Research after AI: less Tesla, more Steve Jobs
There has been a lot of buzz recently about what constitutes “real” research after an OpenAI model constructed a counterexample to Erdős’ unit-distance conjecture. I knew we would see this day soon, because in my own experiments with Claude and ChatGPT, I have seen these systems solve problems that are nontrivial to me. The difficulty is not simply that AI helped me arrive at an answer. We already accept many forms of non-human assistance in research, from numerical simulations to symbolic computation to brute-force search. The difficulty begins when the assistance is no longer merely computational but appears to supply the decisive conceptual move. If a computer checks a million cases, I still feel that the conjecture, the framing, and the interpretation are mine. If Mathematica evaluates an integral, I do not usually feel that it has understood the theory better than I have. But if an AI proposes the construction that resolves the problem, then the boundary becomes less stable. I may have asked the right question, rejected many bad answers, and recognised the good one when it appeared. Those are real intellectual acts, but they are not identical to having the idea. I can be responsible for the final paper and still be unsure whether I am the source of its central insight.

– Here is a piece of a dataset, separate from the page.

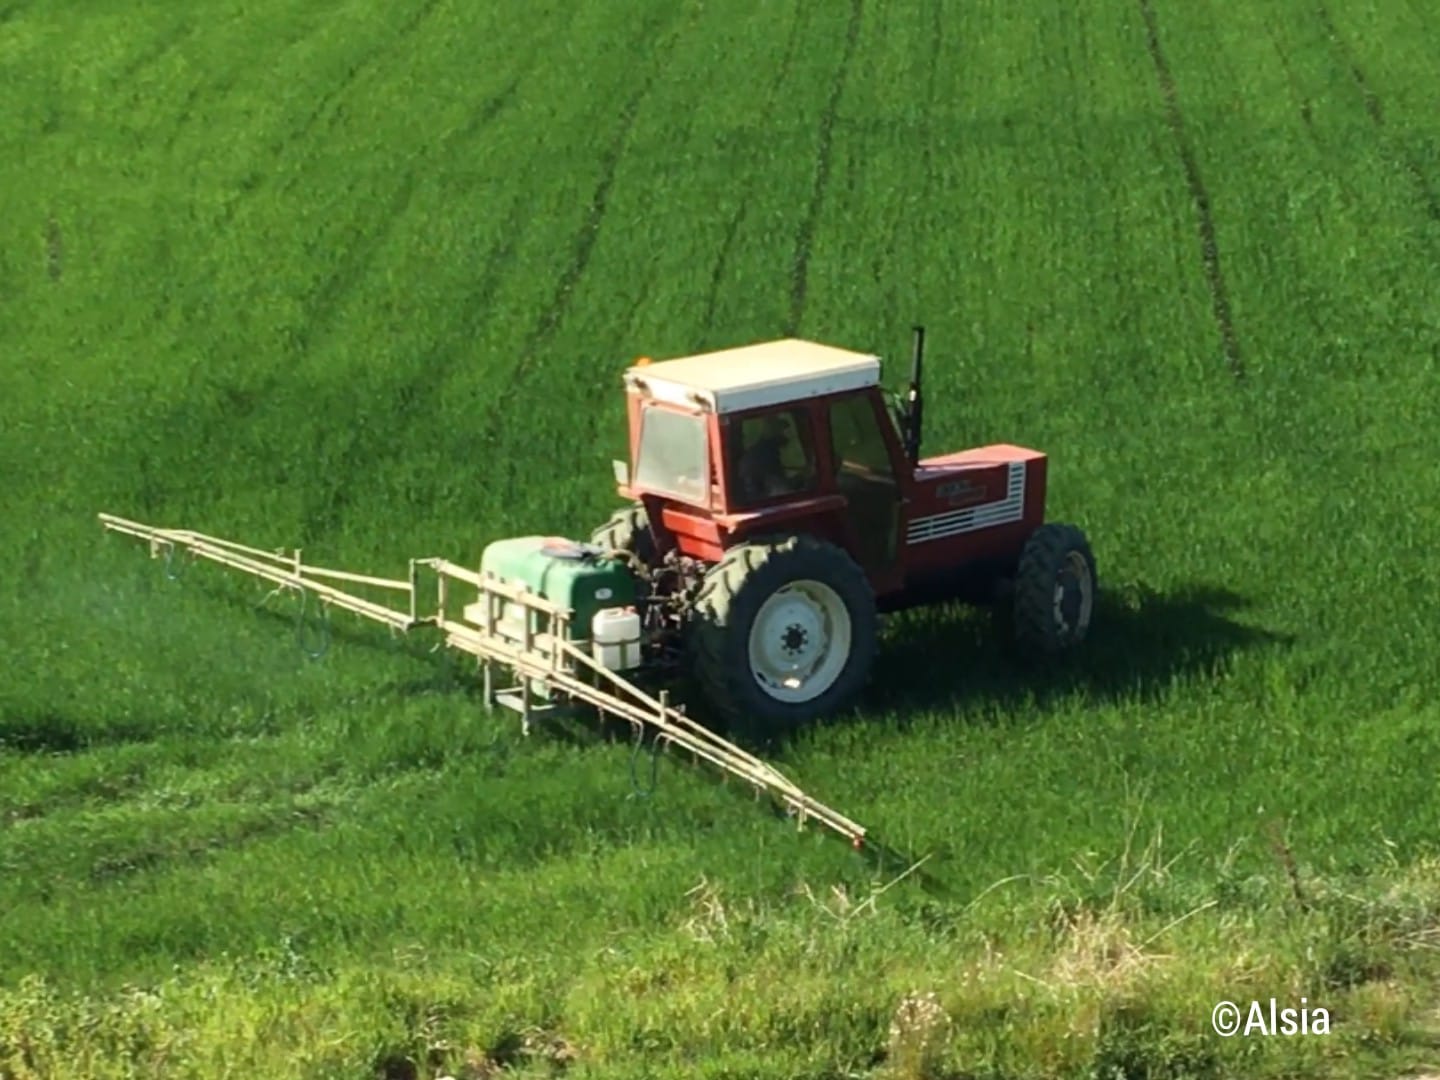 Servizi di Consulenza fitosanitaria ALSIA: aperto il secondo Bando a sportello per le aziende agricole della Basilicata (Sottomisura 2.1 del PSR 2014-2020 della Regione Basilicata)

This is where the journal declarations of AI use feel too thin to me. They mostly say that we can use AI to polish writing, edit documents, or improve presentation, but humans must take responsibility for what is written. Of course humans must take responsibility. If the proof is wrong, that is on me. But responsibility does not settle credit. Suppose I discover a genuinely interesting resolution of a problem, and the creative idea came from an AI bot in response to my guidance. I cannot, in good faith, pretend that the idea was simply mine. At the same time, it is not obvious that I have robbed anyone in the usual moral sense. The AI has no career, no dignity, no claim to recognition, and no sense of being wronged. So the discomfort is not exactly that I failed to credit the machine. The discomfort is that I may be overstating myself.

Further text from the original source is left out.